To double a ratio means to multiply it by 2/1.
Thus:
L/A doubled = (2/1)(2/5) = 4/5.

Original L/E = 2/8 = 4/16.
After L/E increases, the following options are possible:
L/E = 4/15, 4/14, 4/13...

Thus:
Options for L:A:E = 4:5:15, 4:5:14, 4:5:13...

In the ratios above, L=4.
The problem states that T<30.
The percentage of little dogs must be an integer value.
Thus, when L/T is converted to a percentage, the result must be an integer.
Options for L/T:
4/25 = 16/100 = 16%.
4/20 = 20/100 = 20%
4/10 = 40/100 = 40%.
These fractions imply that T=25, T=20, or T=10.

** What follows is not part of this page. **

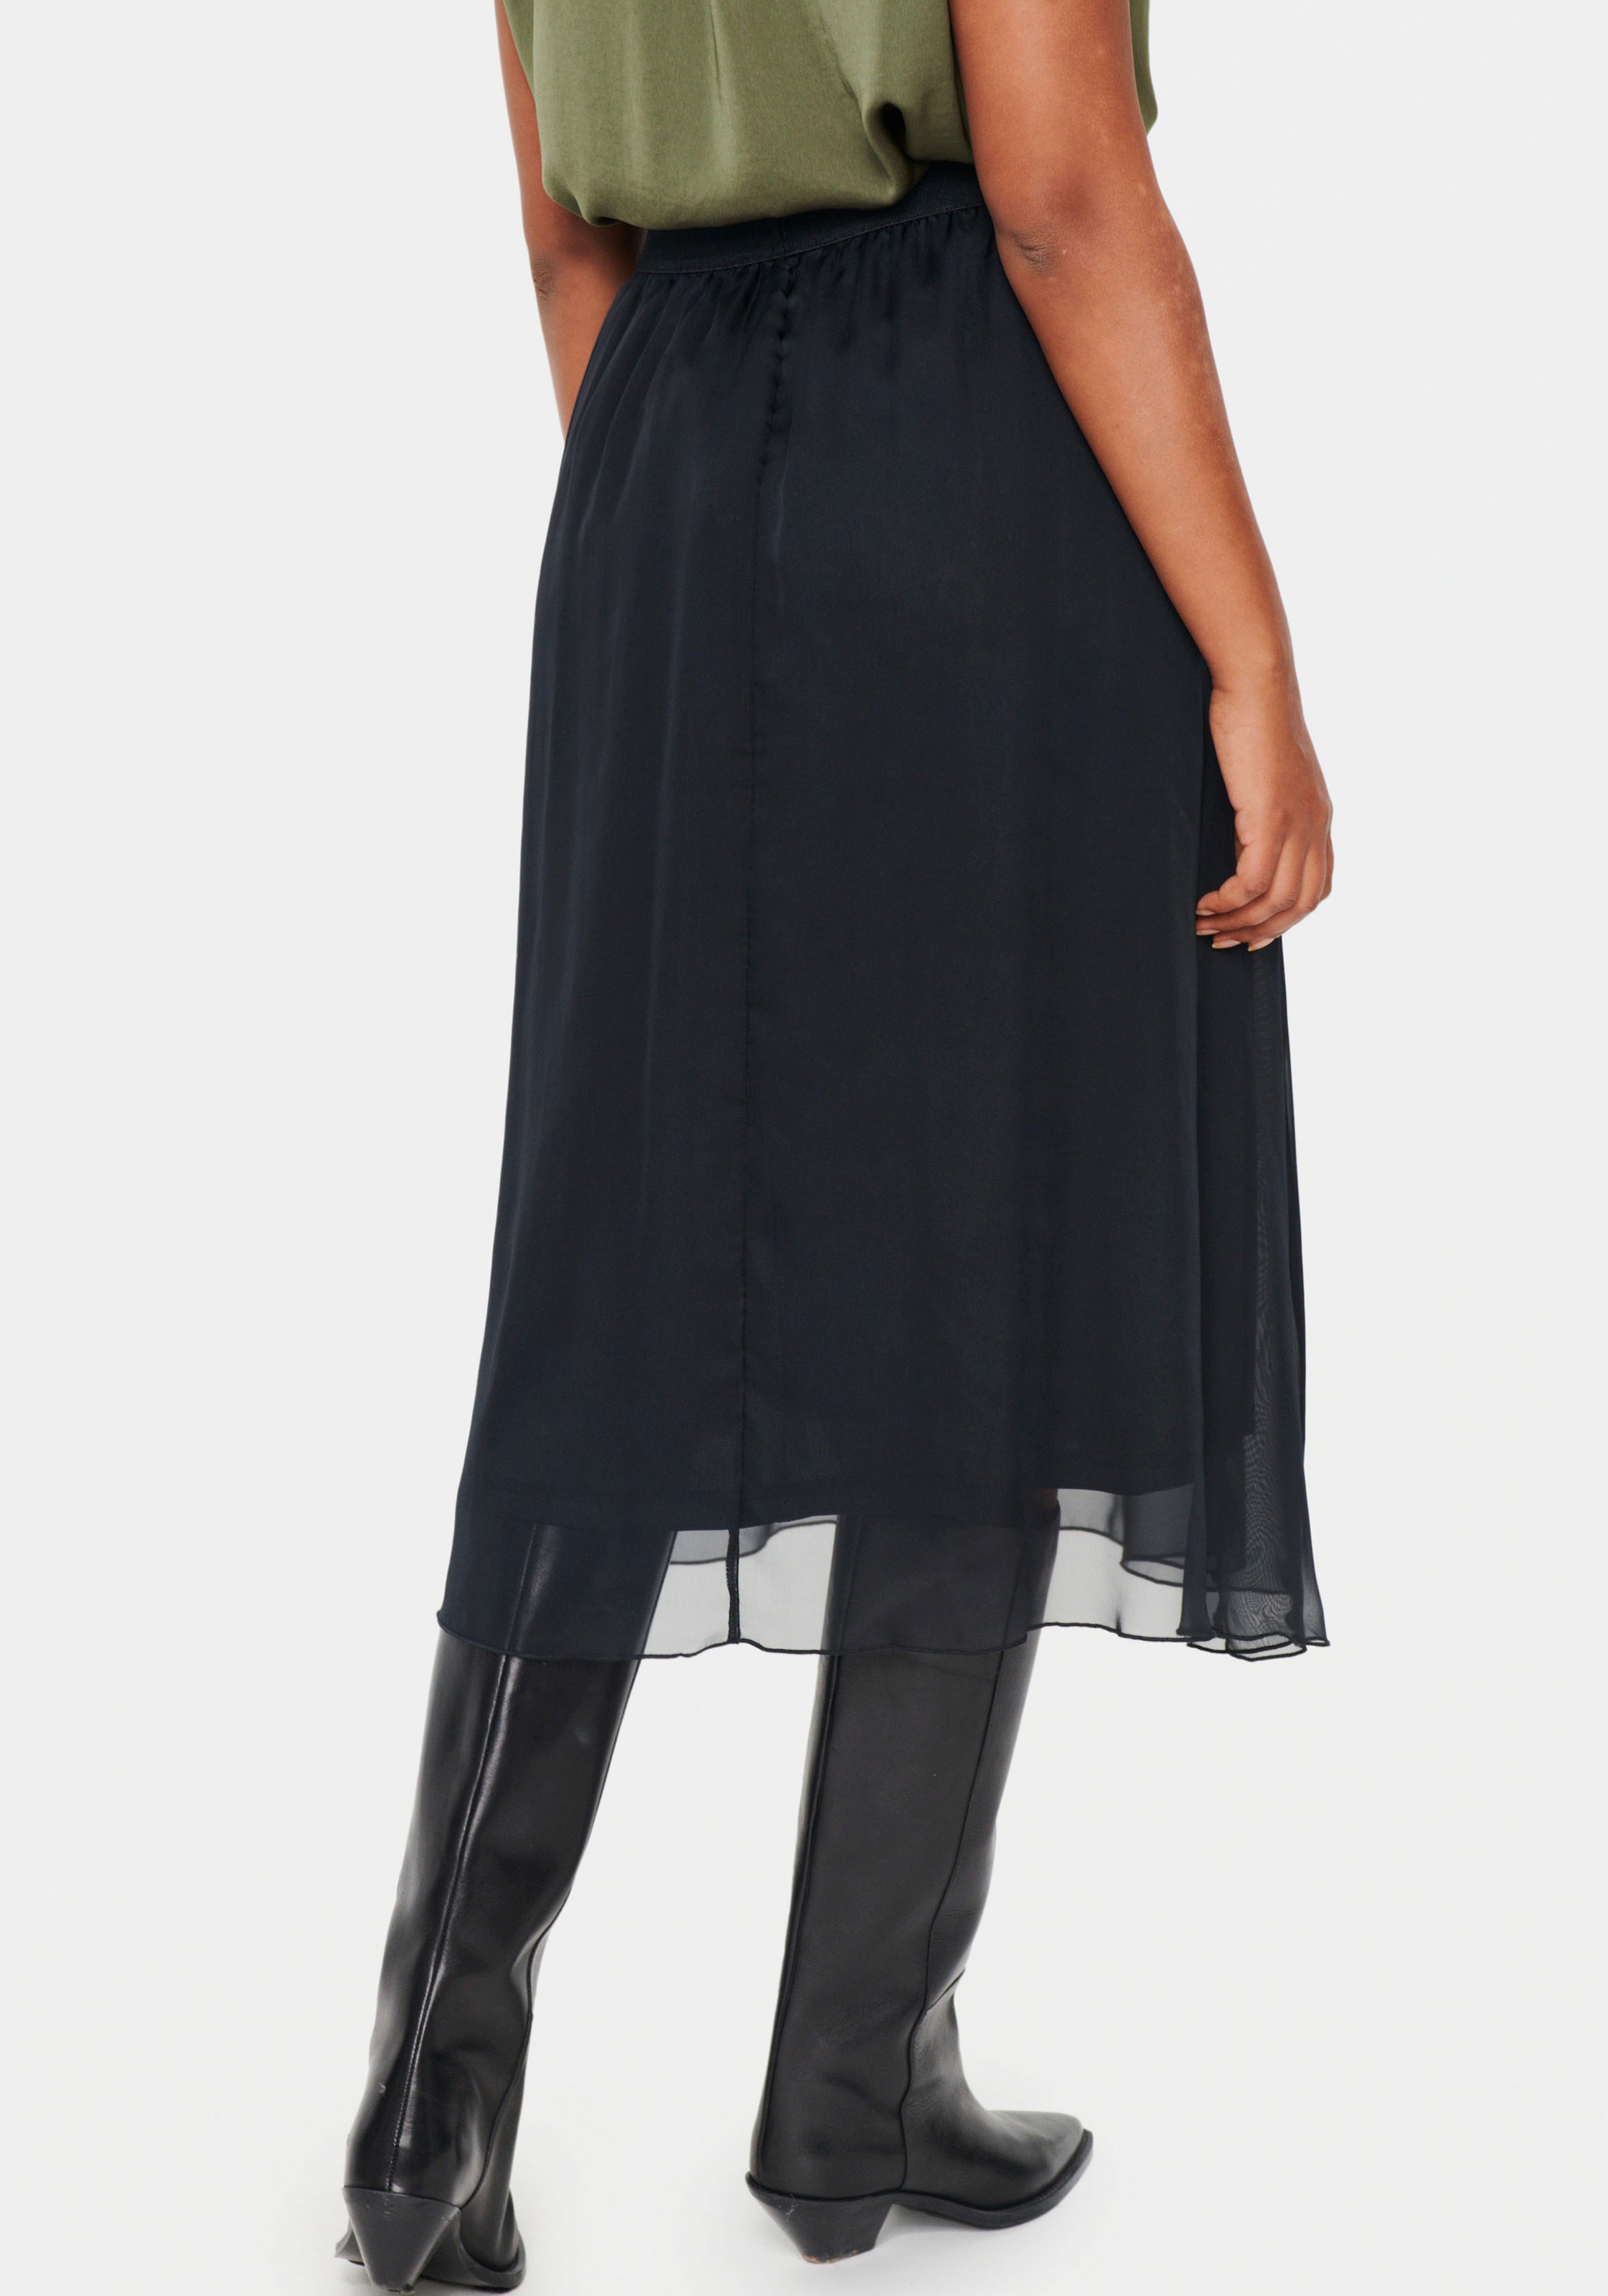 OTTO Shop Tropez im Online »CoralSZ Maxirock Skirt« Saint bestellen

The greatest possible value of T occurs when L:A:E = 4:5:15, implying that L=4, A=5, and E=15.
Here, T=4+5+15=24.
Thus, it is not possible that T=25.

The next greatest option is T=20.
If L:A:E = 4:5:11, then L=4, A=5, and E=11.
Here, T=4+5+11=20.
In this case:
L/T = 4/20 = 20%.
A/T = 5/20 = 1/4 = 25%.
E/T = 11/20 = 55/100 = 55%.

Thus, the new percentage of enormous dogs could be 55%.

The correct answer is D.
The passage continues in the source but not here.